Live album by Grateful Dead
- Released: November 22, 2019
- Recorded: June 23, 1992–April 2, 1995
- Genre: Rock
- Length: 81:22
- Label: Rhino
- Producer: Grateful Dead

Grateful Dead chronology
| Dave's Picks Volume 32 (2019) | Ready or Not (2019) | Dave's Picks Volume 33 (2020) |

= Ready or Not (Grateful Dead album) =

Ready or Not is a live album by the rock band the Grateful Dead. It was released on November 22, 2019, through Rhino Entertainment. Featuring live recordings from 1992 through 1995, the album contains nine compositions originally intended for the band's never-finished fourteenth studio album.

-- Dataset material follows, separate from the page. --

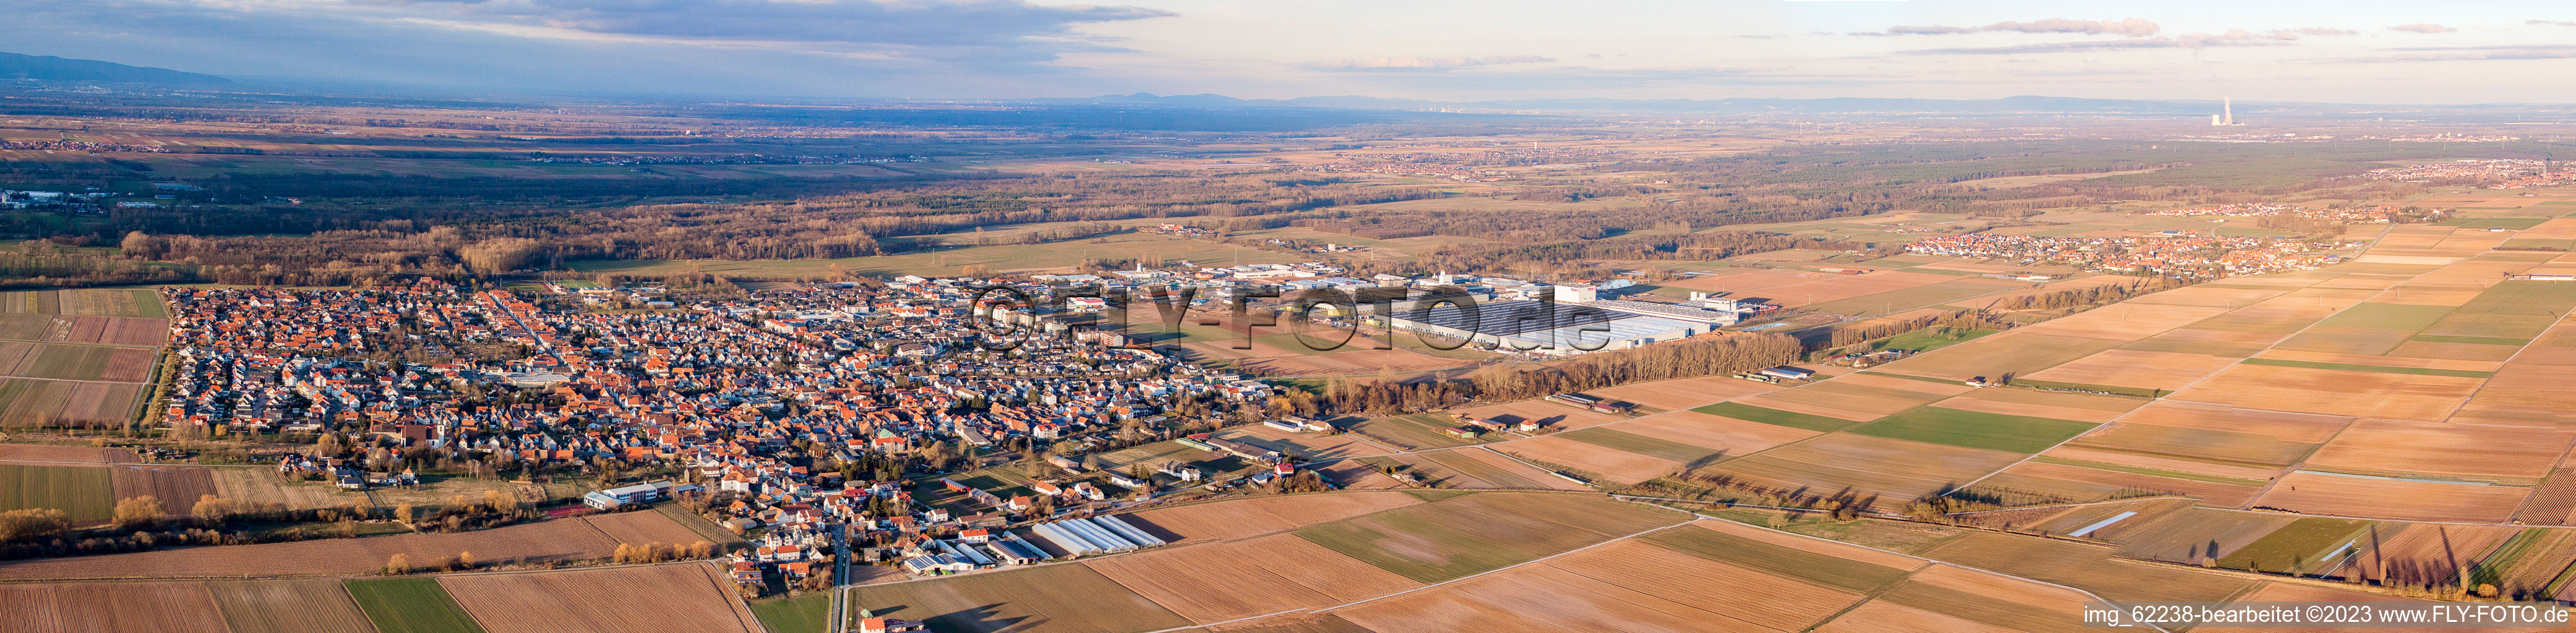 Luftbild von Panorama in Offenbach an der Queich im Bundesland Rheinland-Pfalz, Deutschland

== Unfinished Grateful Dead album ==

In February 1992, the Grateful Dead began work on recording a new studio album. That album was never completed, and the group disbanded in 1995 following the death of Jerry Garcia. Most likely the unfinished studio album would have included the songs that appear on Ready or Not.

== Critical reception ==
On AllMusic, Fred Thomas wrote, "Ready or Not indeed offers a glimpse of what another studio album from what turned out to be the group's later phase would have sounded like, only with the buffer of comfort that comes from them working out the songs on-stage. It's a document not quite like any of the Dead's hundreds of other archival releases, zeroing in on unfamiliar and exciting material."

==Track listing==

Note: "Corrina" is edited to 15:27 on CD editions of the album.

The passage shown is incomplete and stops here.